John Mathai – IBEC Research Fellow & HOSCAP Borneo Project Leader
M. AppSc Conservation Biology (Queensland, Australia)
M. Tech Environmental Engineering (Karnataka, India)
I am interested in the conservation and ecology of rare and threatened small carnivores in the Bornean rainforest, with particular reference to their adaptability to logging and logging-related pressures. Over the last 10 years, I have used different field monitoring and data analysis techniques to monitor the effects of logging on wildlife in Sarawak. I joined IBEC as a Research Fellow in 2012 and am now working on developing predictive models to understand the ecology and habitat use of small carnivores in a logging concession in Sarawak with particular focus on the Bornean endemic Hose’s Civet. I serve as a member of the IUCN (International Union for the Conservation of Nature) Small Carnivore Specialist Group, as a reviewer and Associate Editor for the journal Small Carnivore Conservation and as an assessor for the IUCN Red List of Threatened Species. Since April 2015, I have been working towards my doctorate under a scholarship with the Leibniz Institute for Zoo and Wildlife Research (IZW) Berlin, Germany.
Nicholas Ong – Researcher
Diploma in Forestry (Sarawak, Malaysia)
I have been passionate about nature and wildlife conservation from a young age. I have a particular affinity towards reptiles and am an experienced snake handler. After gaining my Diploma, I successfully completed forestry attachments with Semenggoh Nature Reserve and Wildlife Centre and Matang Wildlife Centre. With HOSCAP Borneo, I am doing what I enjoy most and what I have always wanted to do – field research in remote mountainous forests for extended periods of time. I also hope to gain a better understanding of field monitoring techniques and how such techniques are used to obtain the information necessary to study the ecology and distribution of Bornean small carnivores.
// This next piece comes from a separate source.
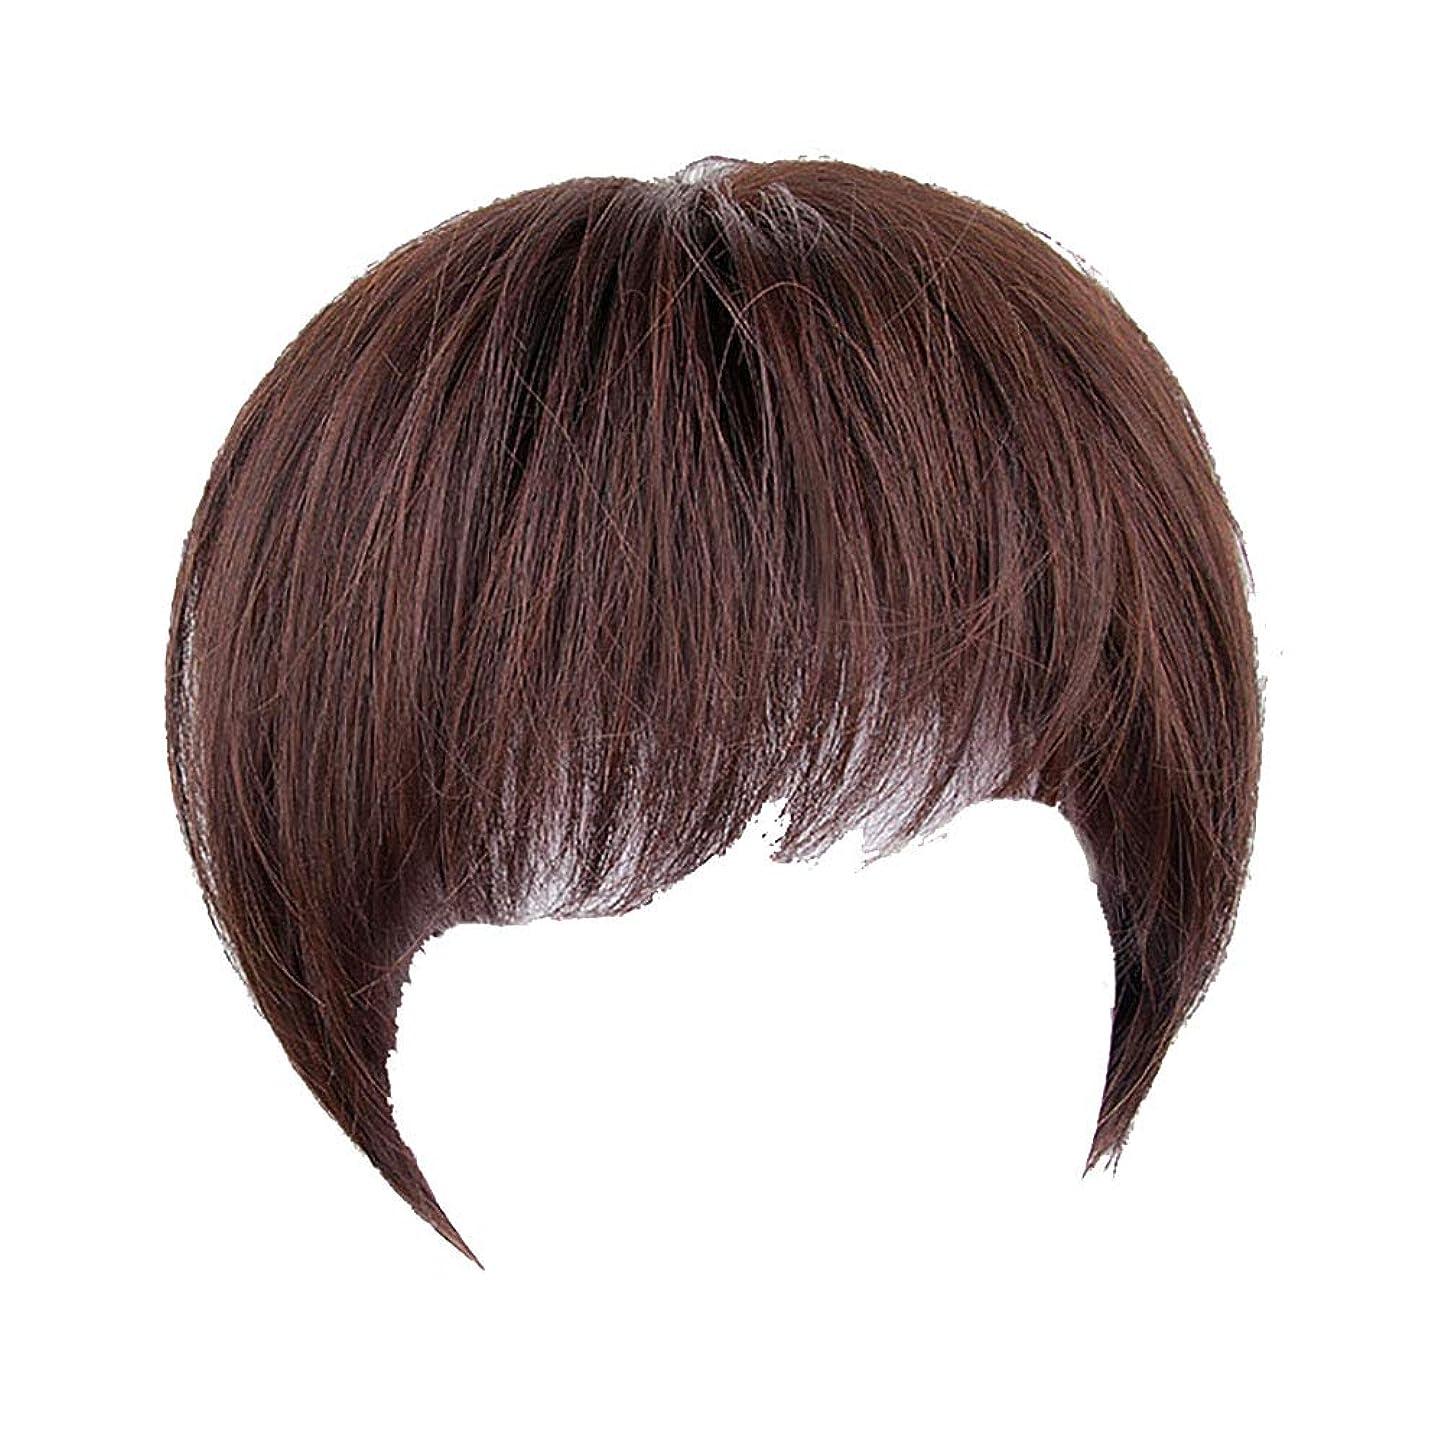 入場料陰気有効なかつらの女性の短い髪の2つのファッションは、自然な短いストレートの髪のファッションハンサムな偽の頭飾り

Lucy Buckingham – Researcher
MSc Tropical Coastal Management (UK)
My interest in wildlife conservation and behavioural ecology has led me to study animals in their natural habitat in a variety of countries. To date, I have conducted research on a range of species (including mink, otter, water vole, dolphins and whales, seals, sea turtles, monkeys and frogs) for organisations such as the Wildlife Conservation Research Unit, Sea Watch Foundation, Cetacean Ecology and Acoustic Laboratory, Global Vision International, Endangered Species International and the Stability of Altered Forest Ecosystems. I joined the Small Carnivore Research Group in May 2012 as a volunteer on the Hose’s Civet and Small Carnivore Project, Borneo and have since taken on the role of a Researcher. Through my work with HOSCAP Borneo, I hope to gain an understanding of population genetics within small carnivore communities.